Prompt
In your copy of the data, keep every word exact and include no pictures.

Material provided
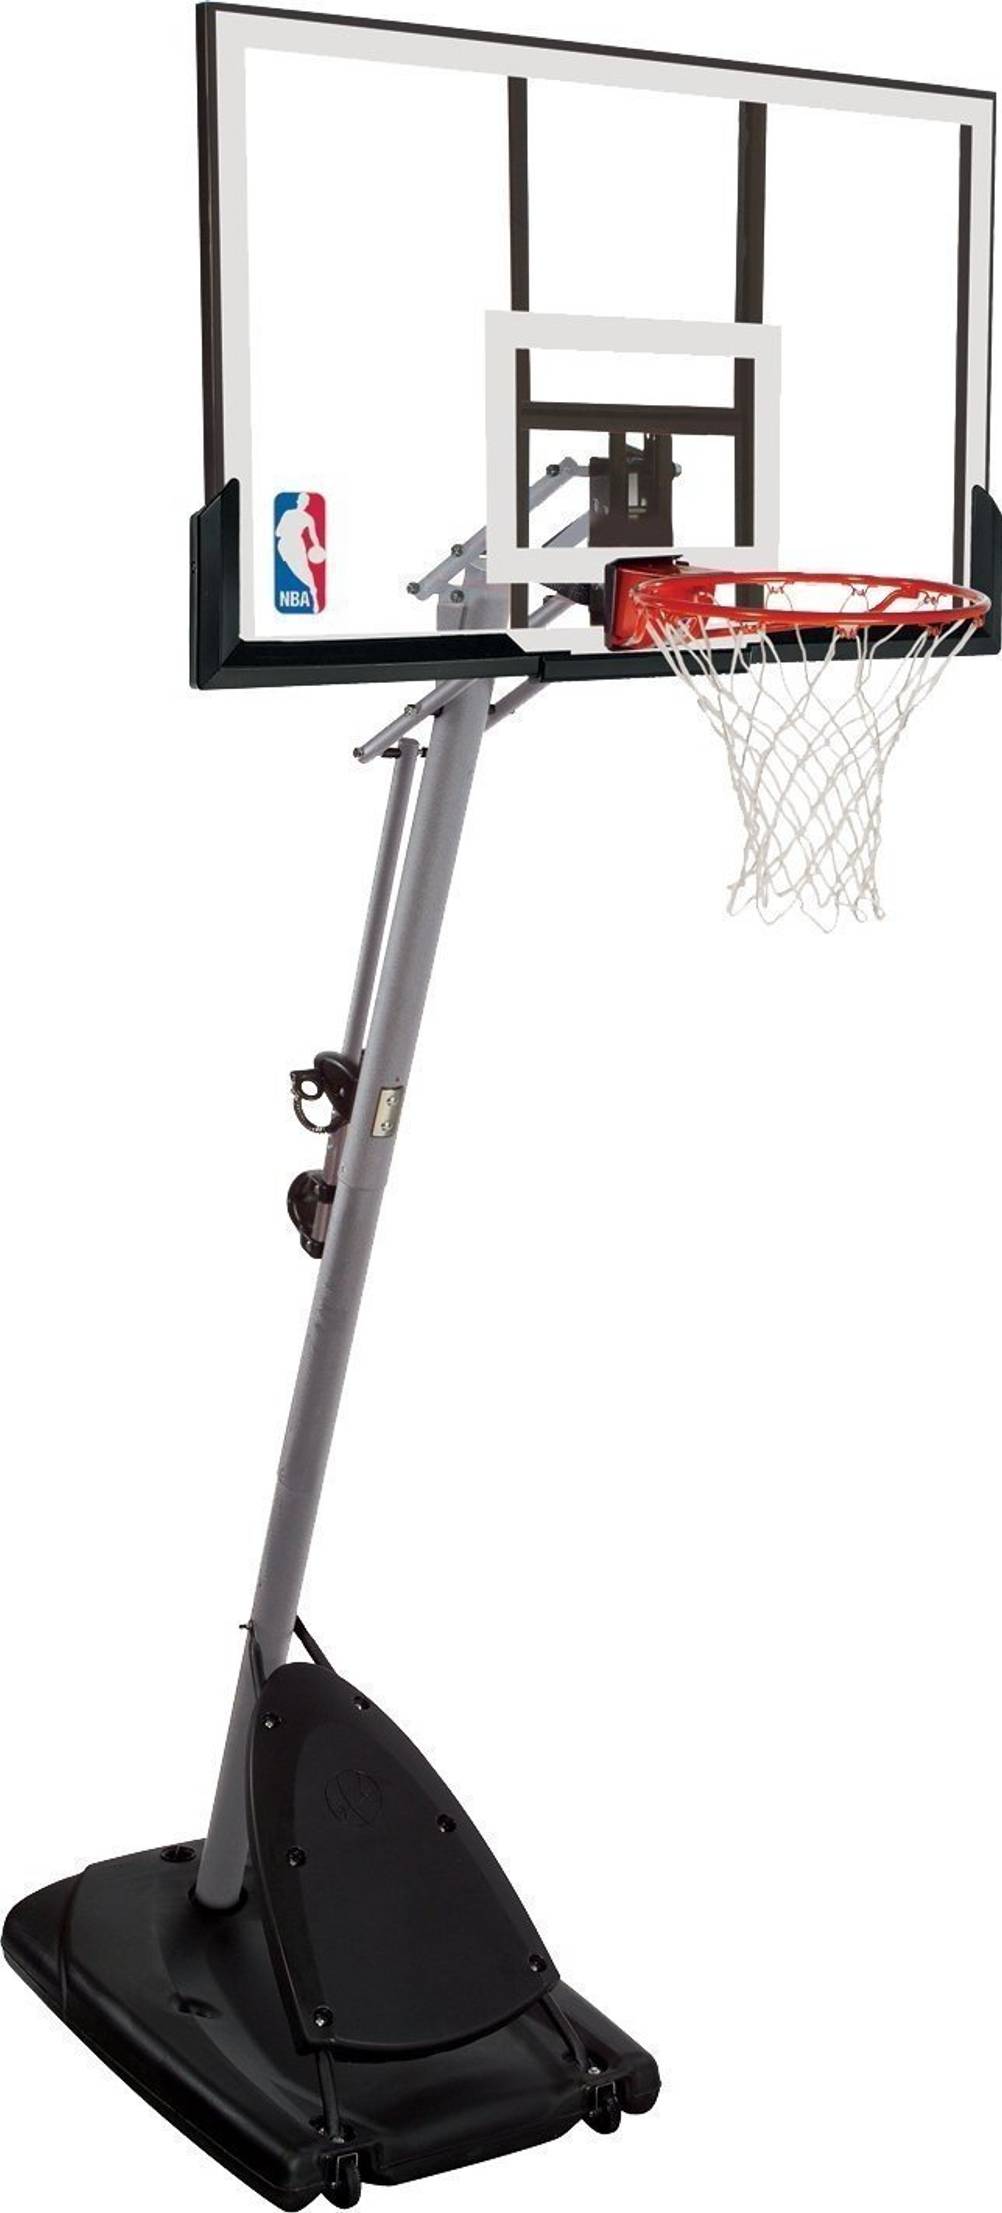 Basketballkorb an Stange befestigen
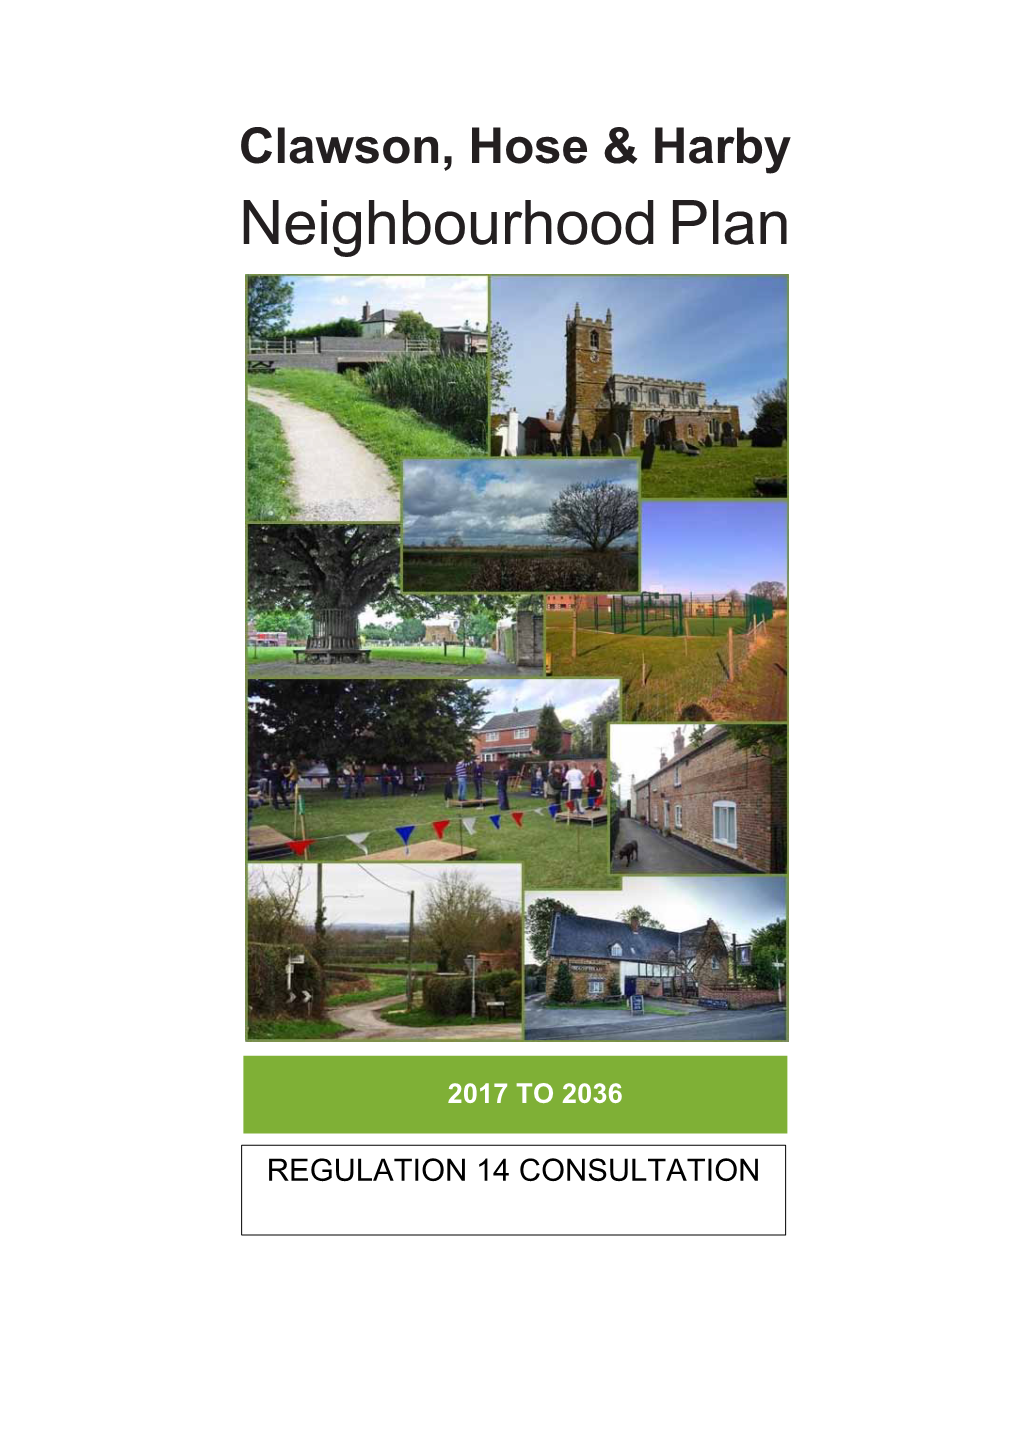 CHH Regulation 14 Neighbourhood Plan
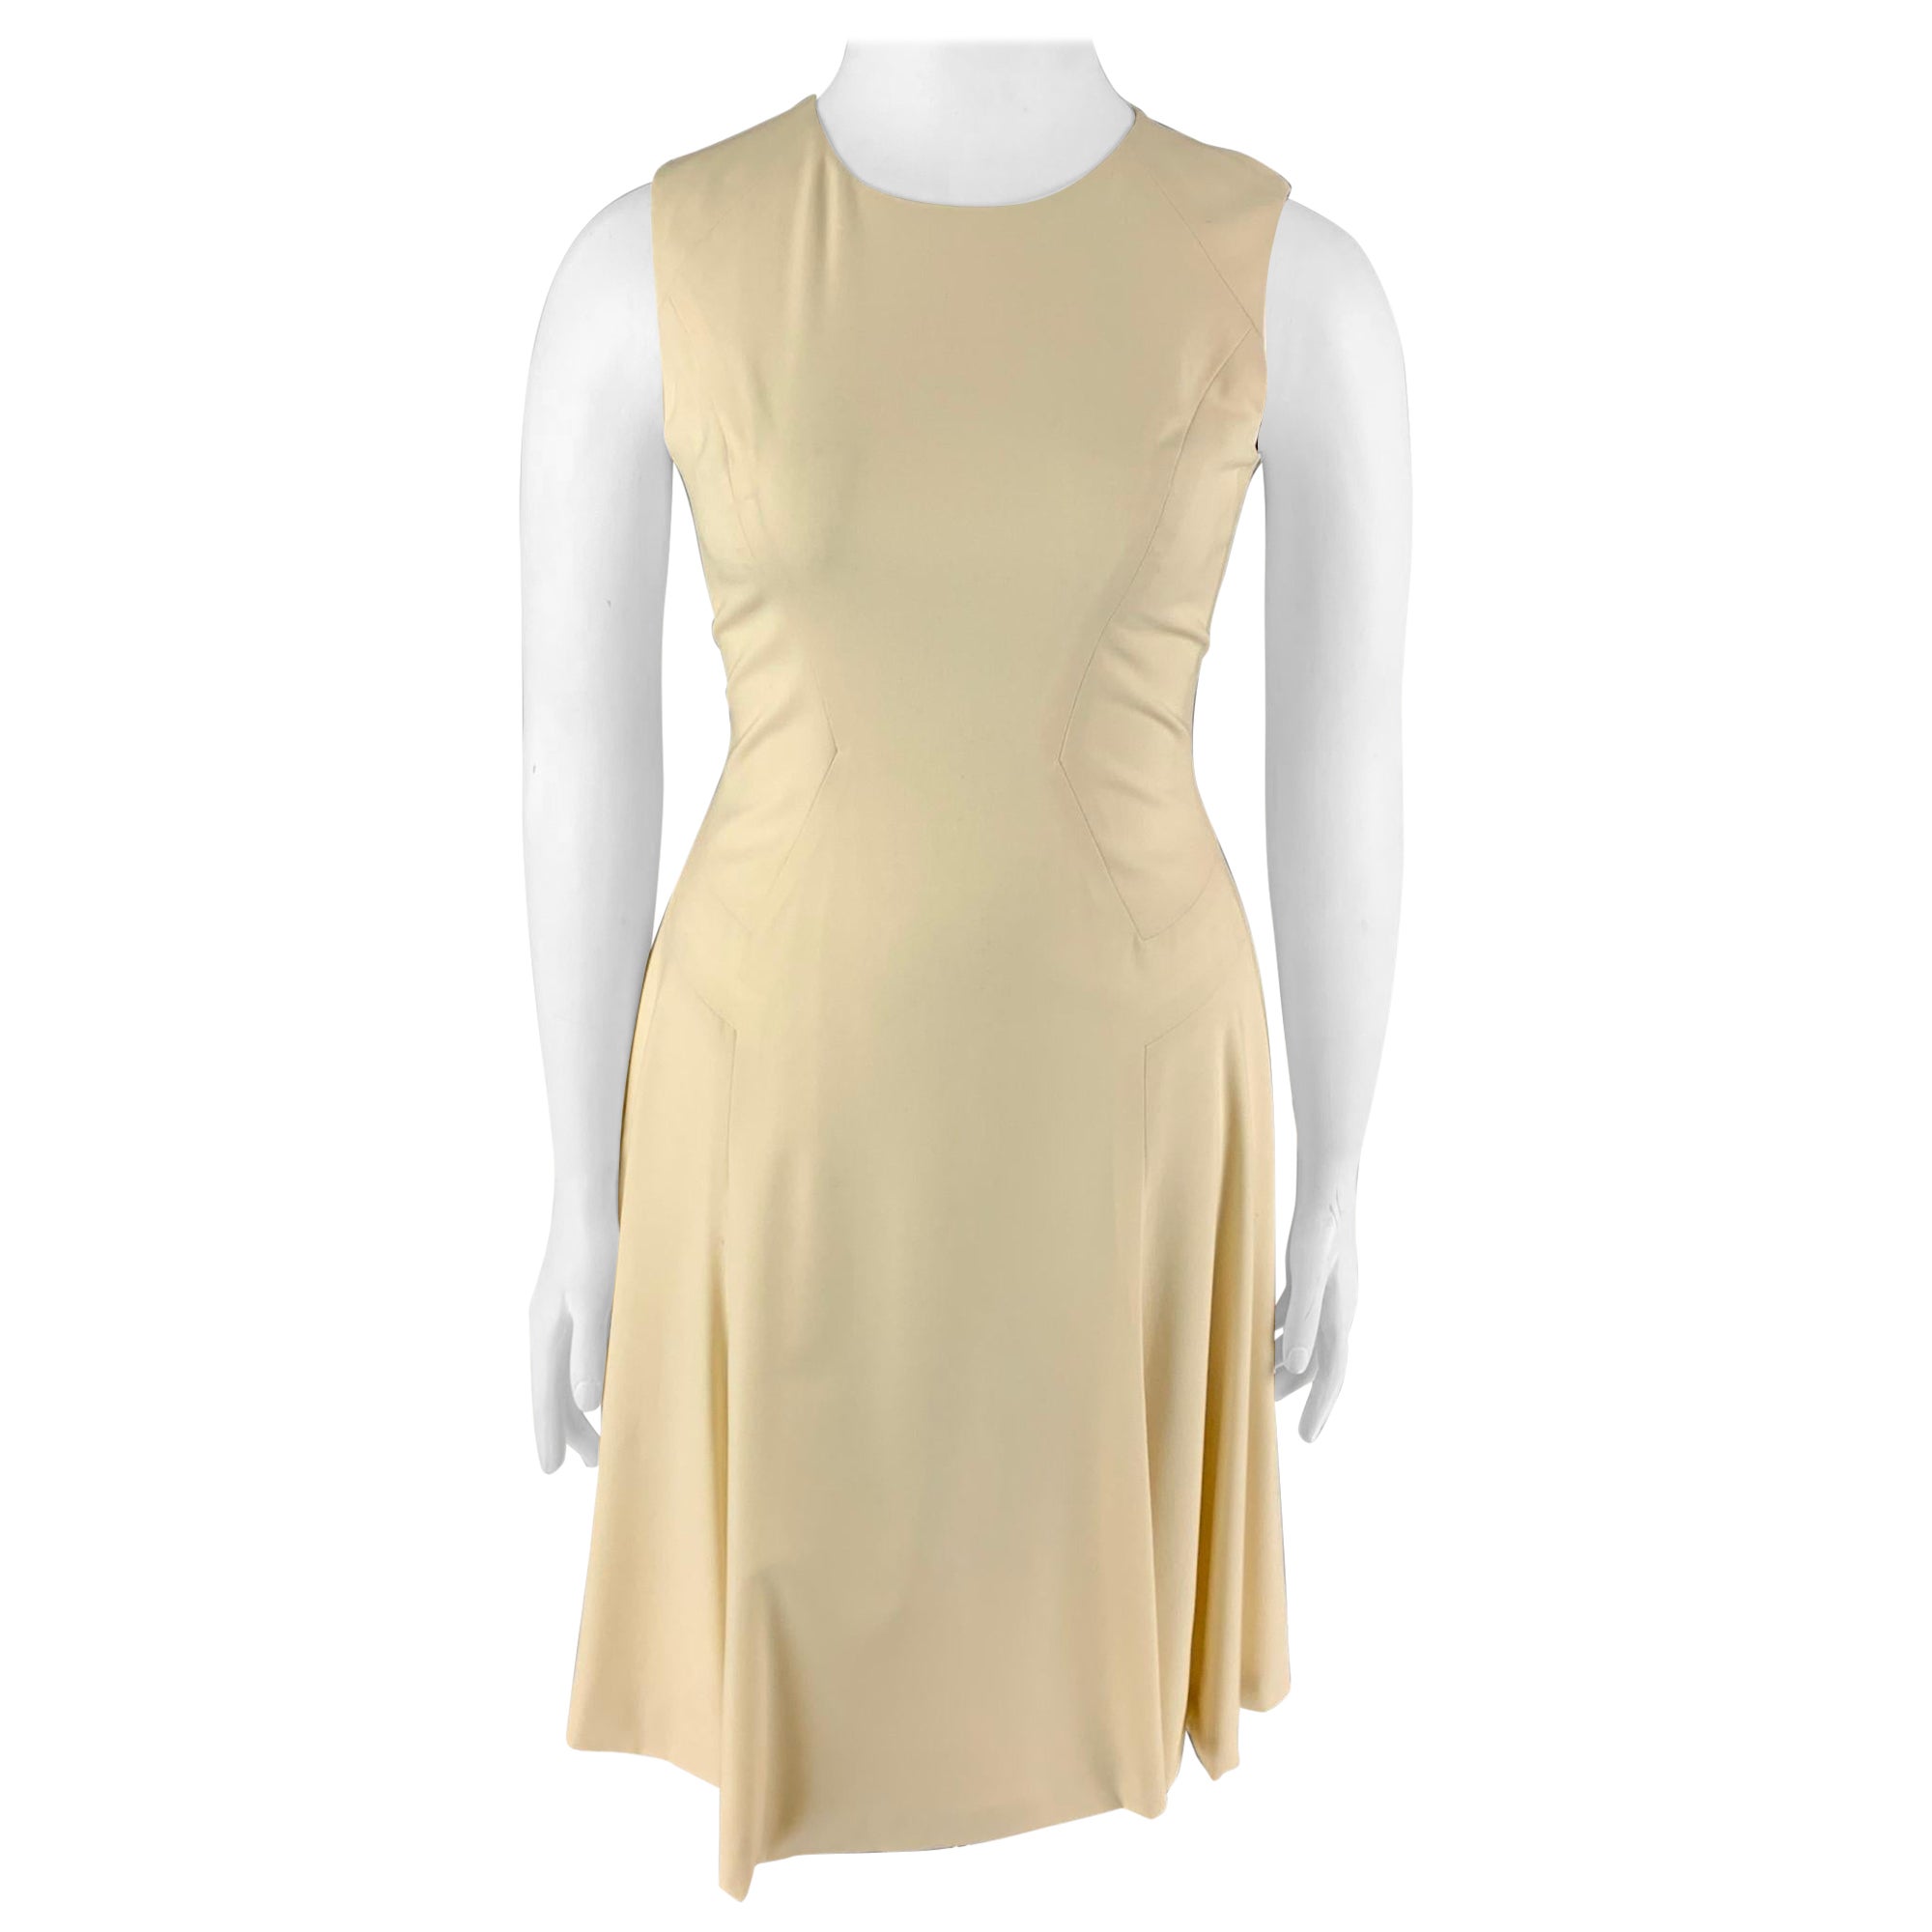 PRABAL GURUNG Size 10 Cream Wool A-Line Dress
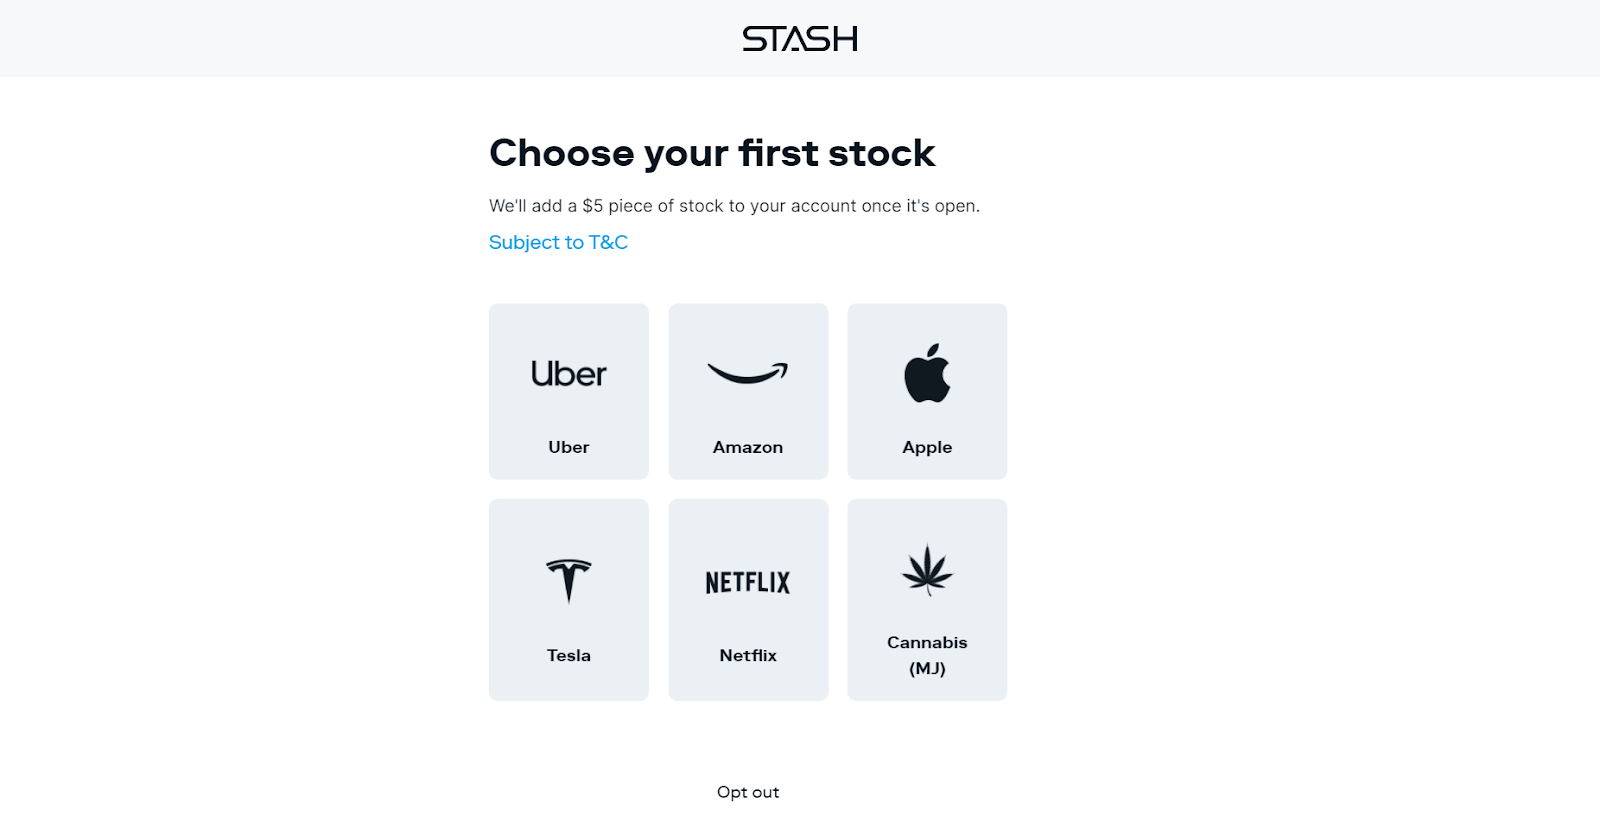 Обзор Stash - 5 долларов на первую инвестицию

Output for this exercise
 Basketballkorb an Stange befestigen
 CHH Regulation 14 Neighbourhood Plan
 PRABAL GURUNG Size 10 Cream Wool A-Line Dress
 Обзор Stash - 5 долларов на первую инвестицию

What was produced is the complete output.